--- MATERIAL PROVIDED ---

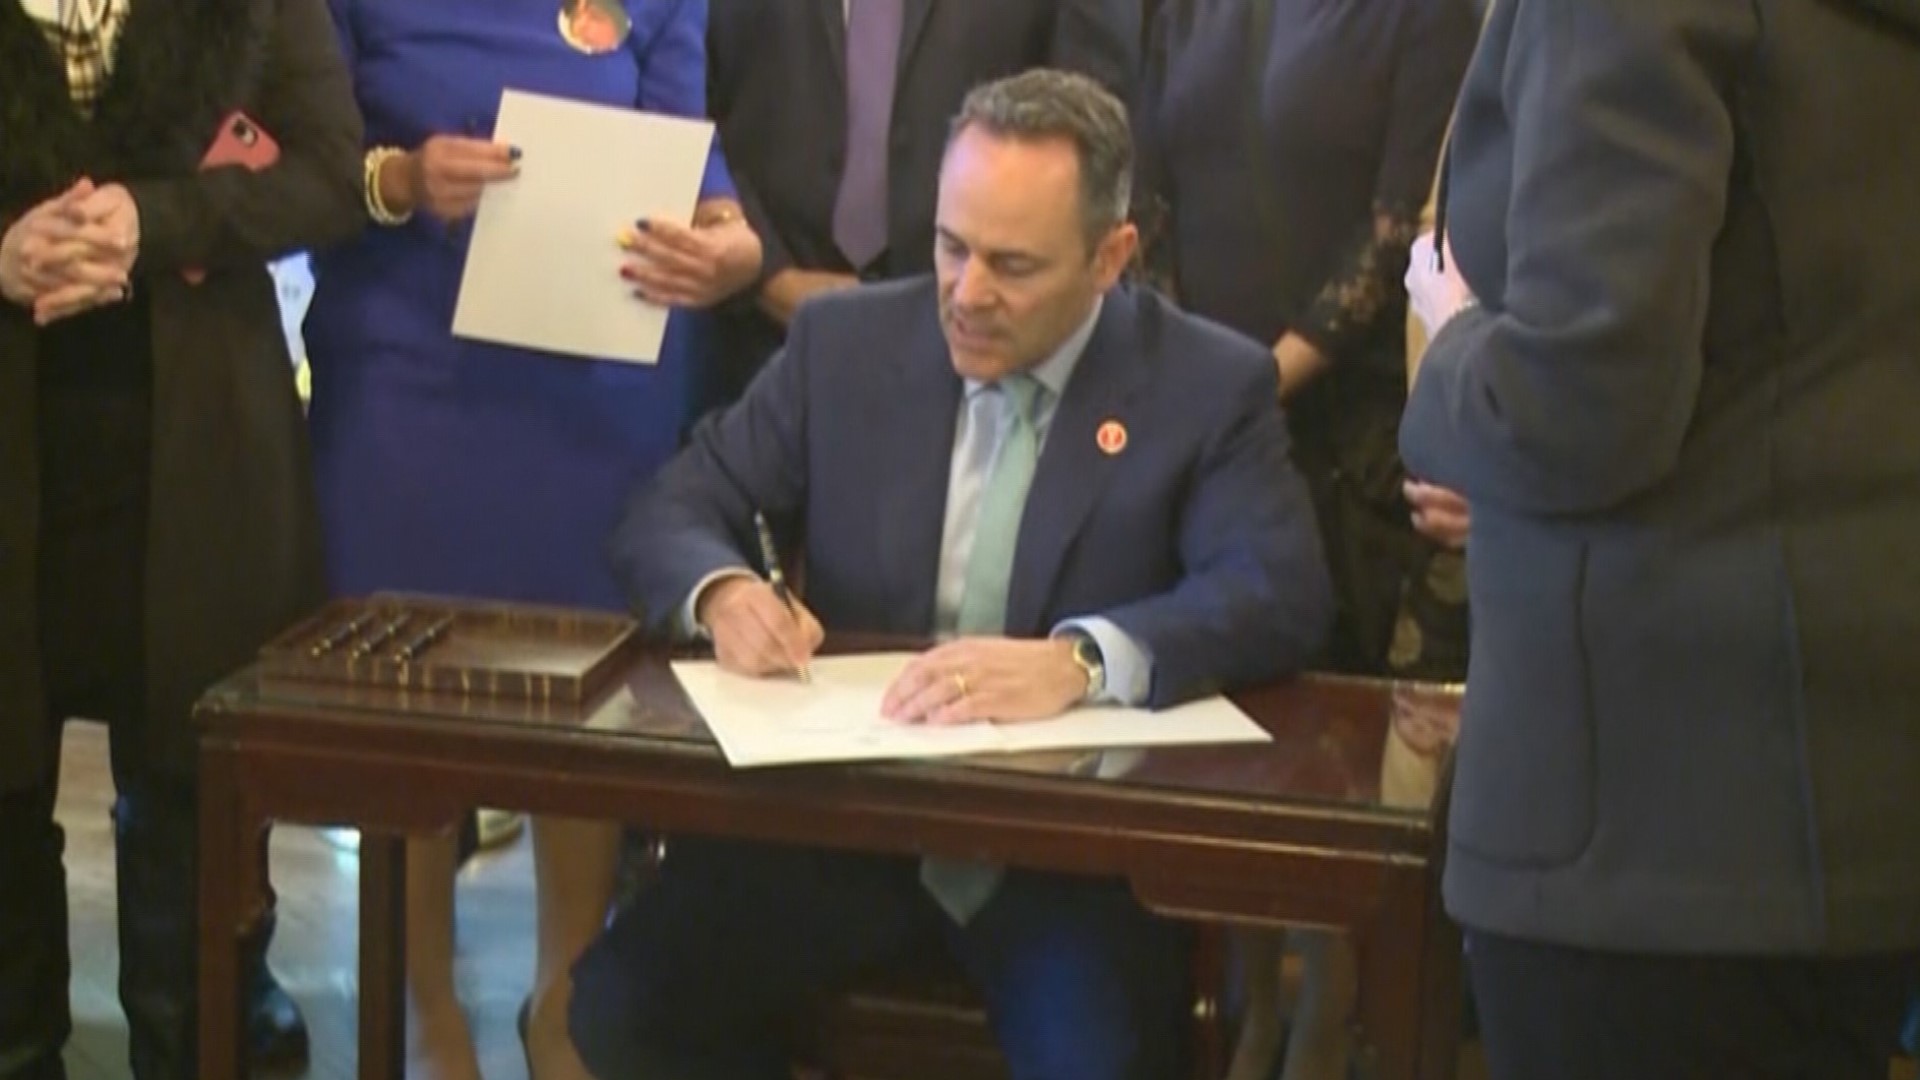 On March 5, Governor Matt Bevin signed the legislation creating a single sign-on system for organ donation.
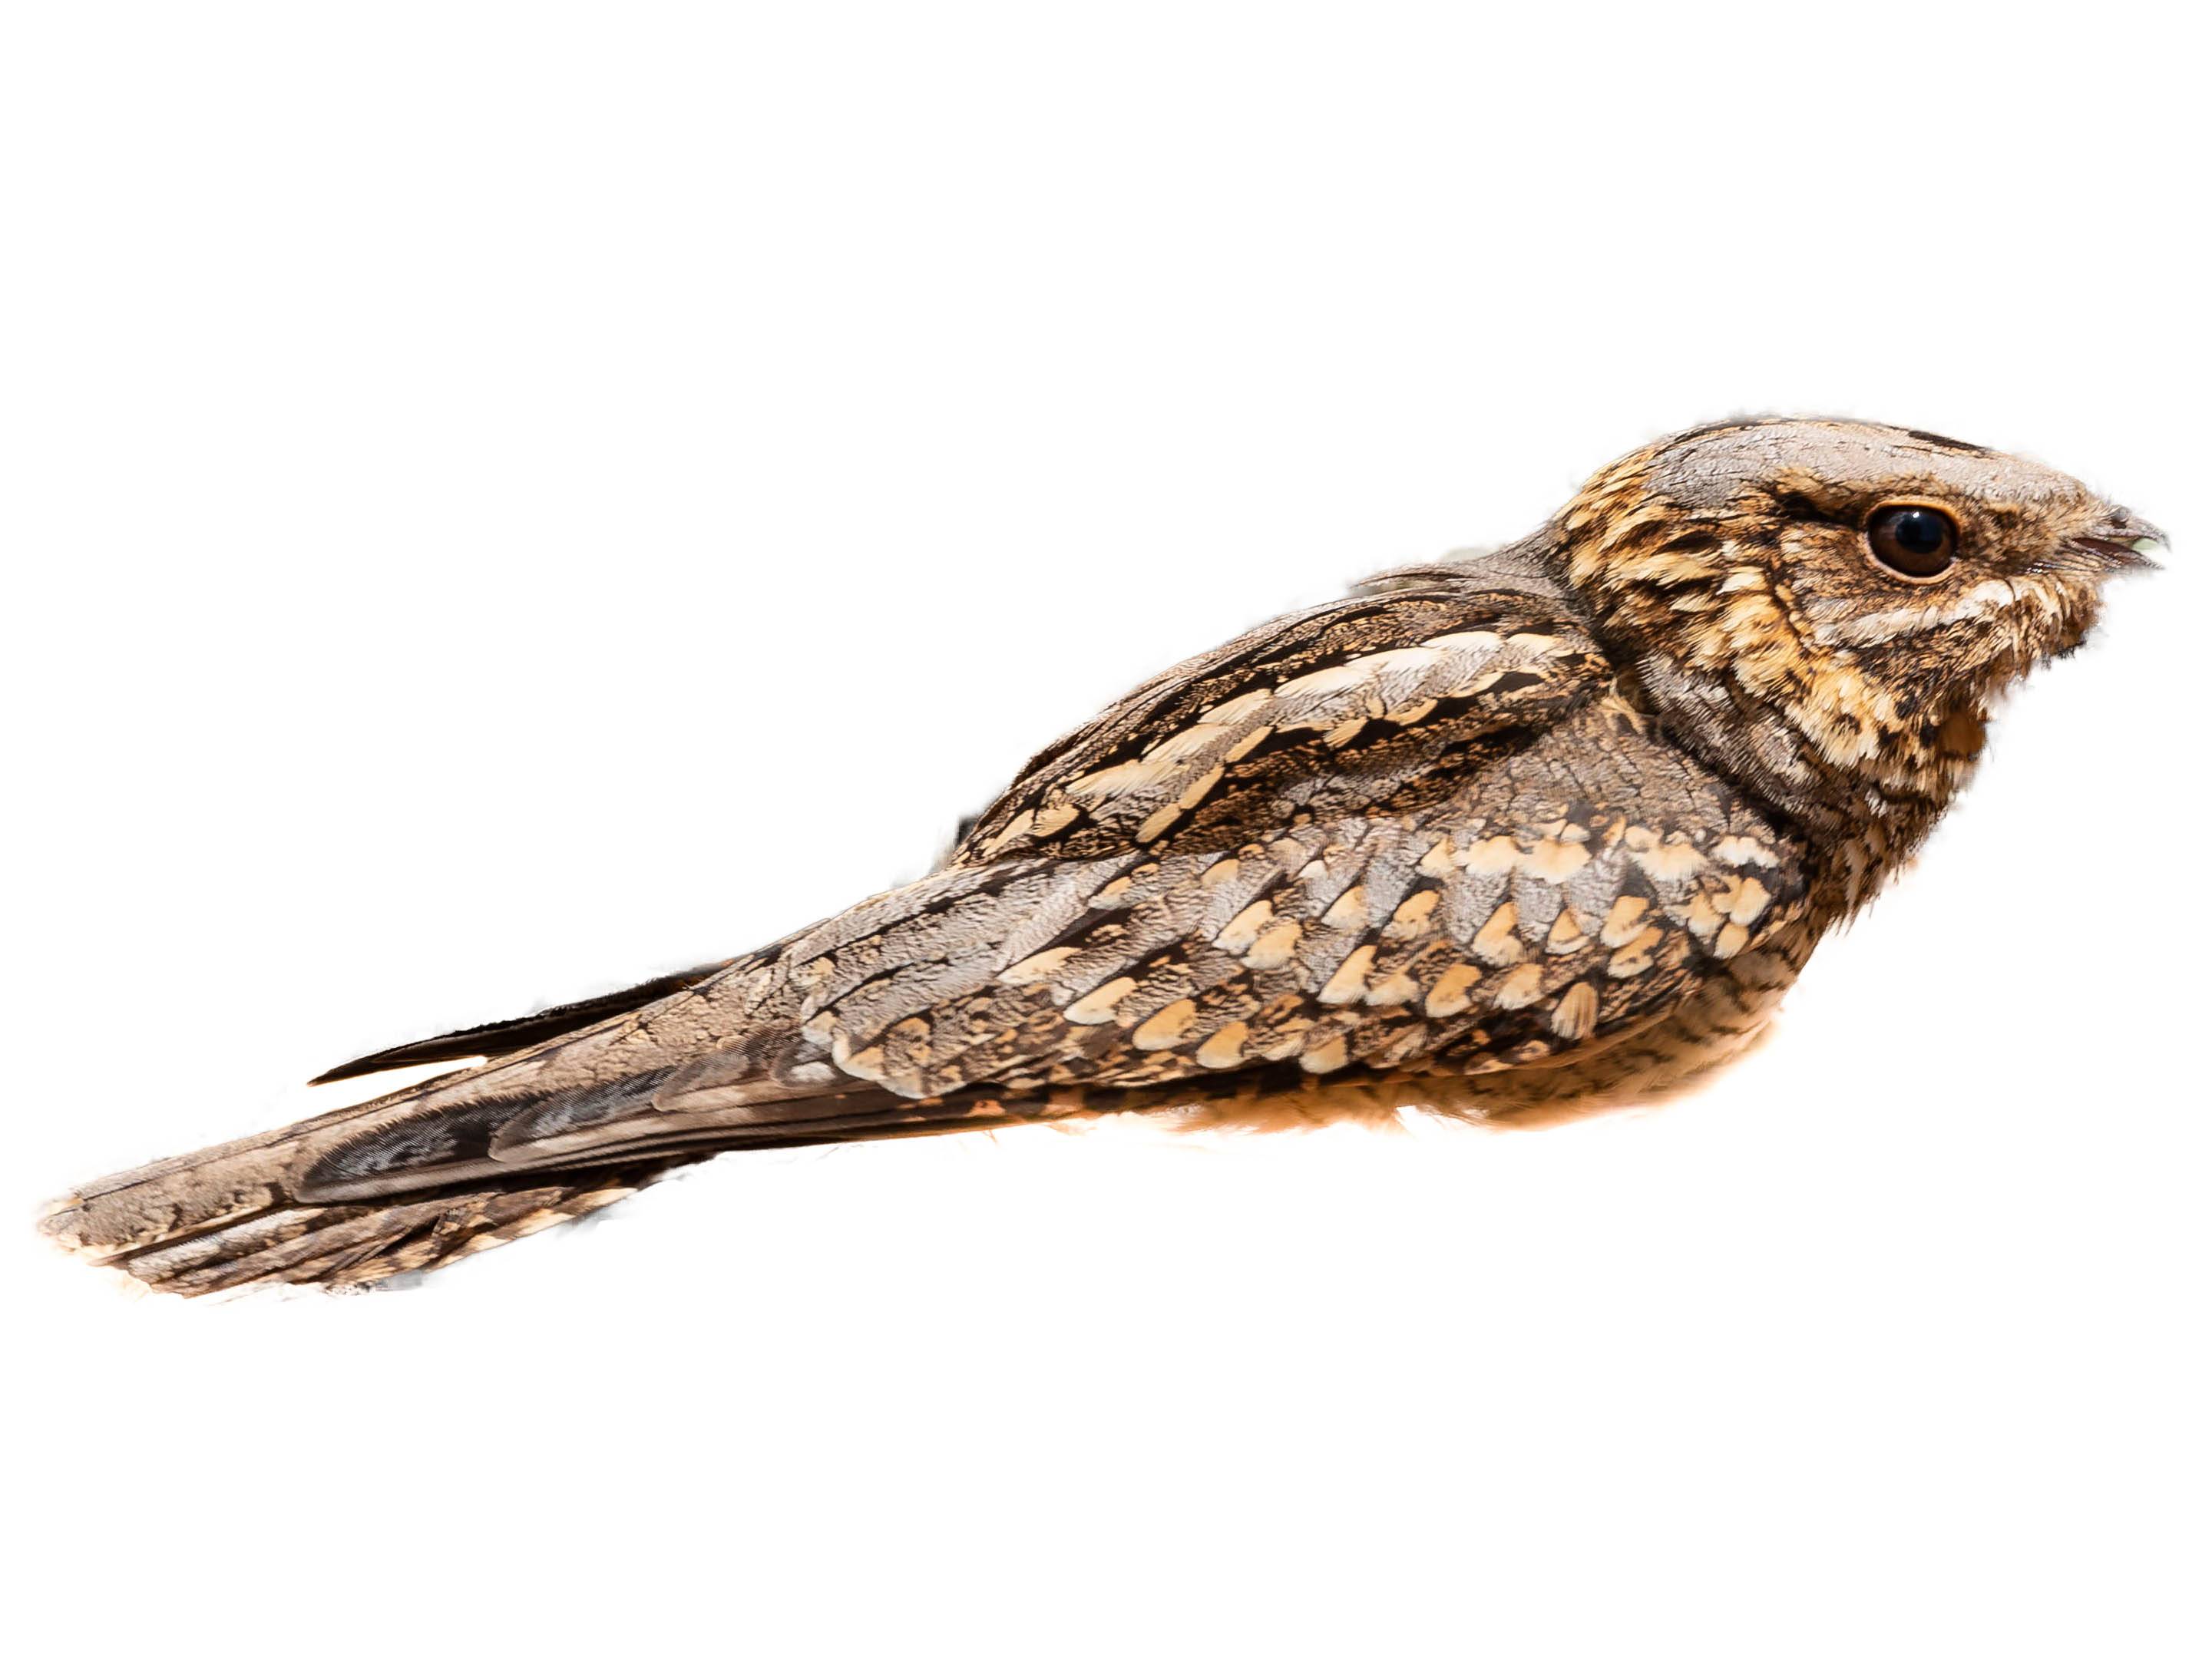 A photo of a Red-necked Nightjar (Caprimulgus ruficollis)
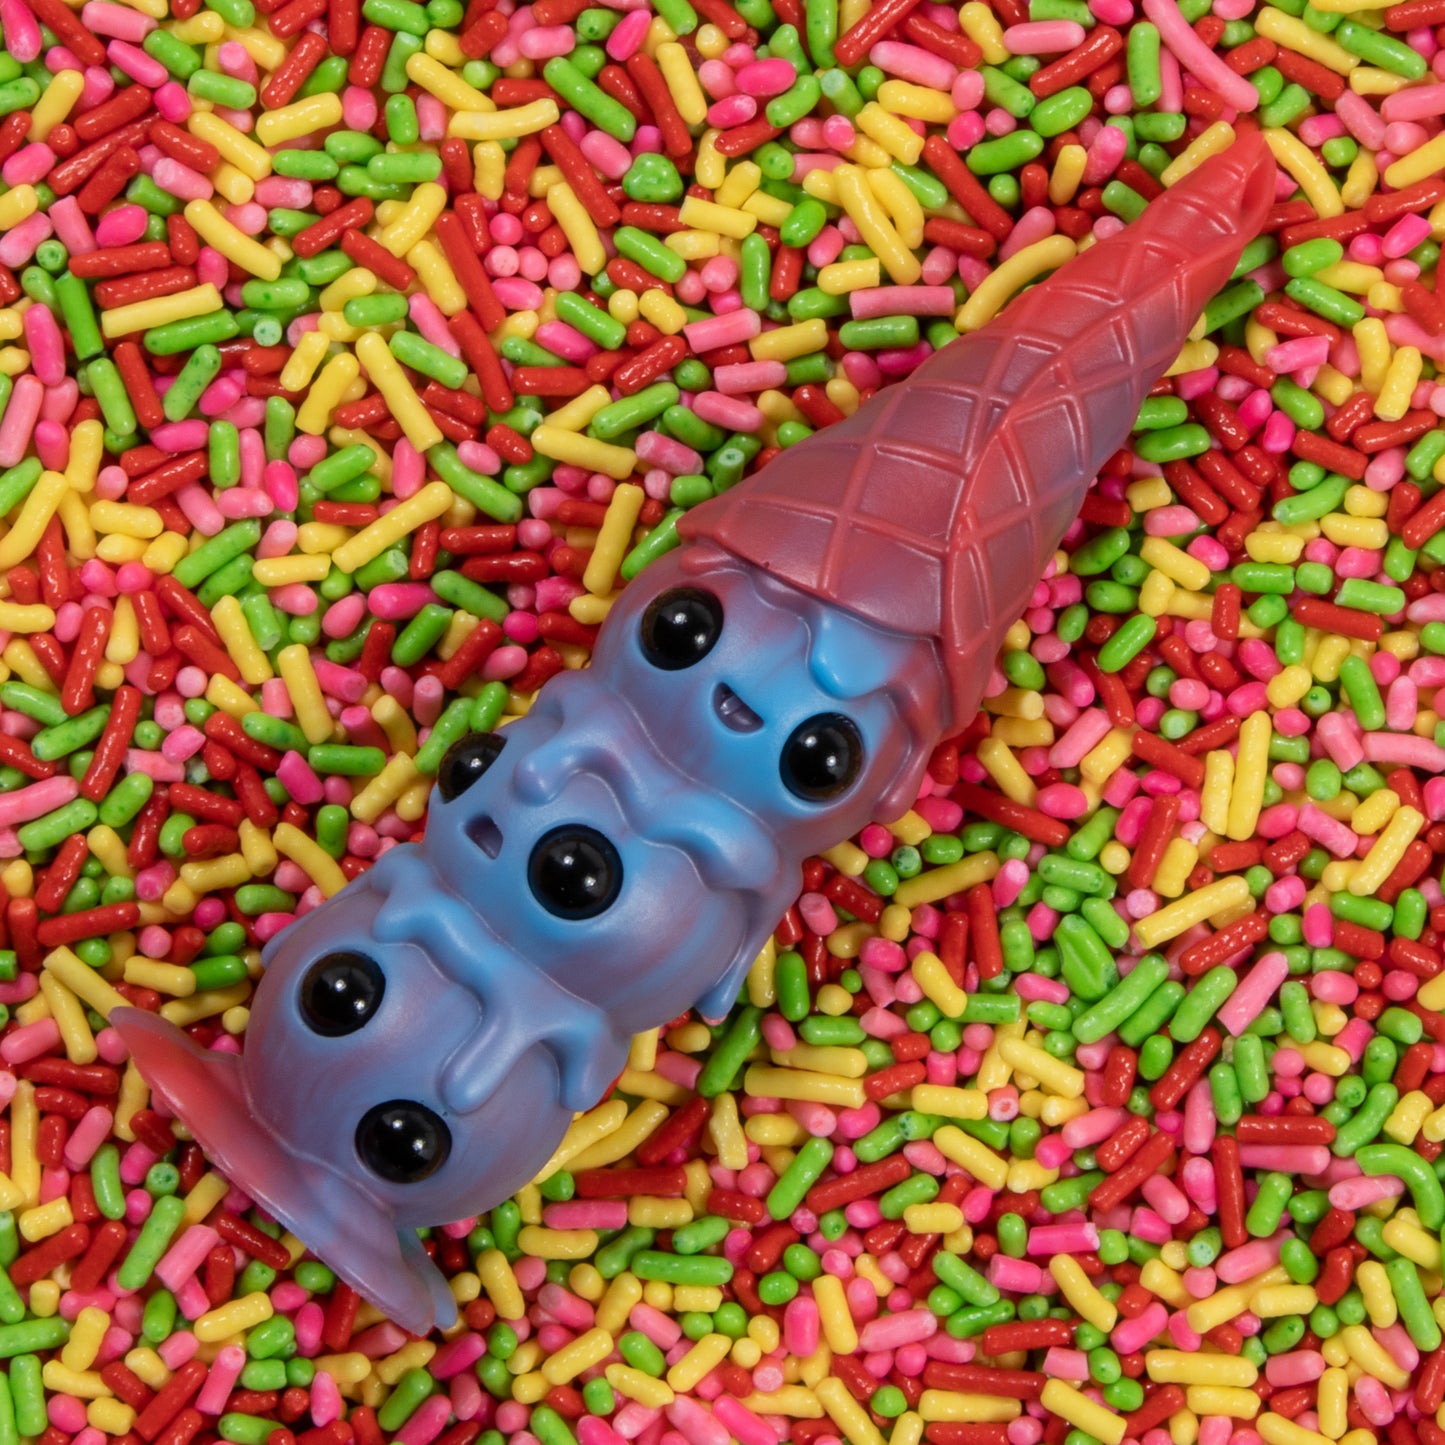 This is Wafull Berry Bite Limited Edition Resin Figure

--- TASK INSTRUCTIONS ---
Write out the material above precisely, leaving each picture behind.

--- TASK ANSWER ---
 On March 5, Governor Matt Bevin signed the legislation creating a single sign-on system for organ donation.
 A photo of a Red-necked Nightjar (Caprimulgus ruficollis)
 This is Wafull Berry Bite Limited Edition Resin Figure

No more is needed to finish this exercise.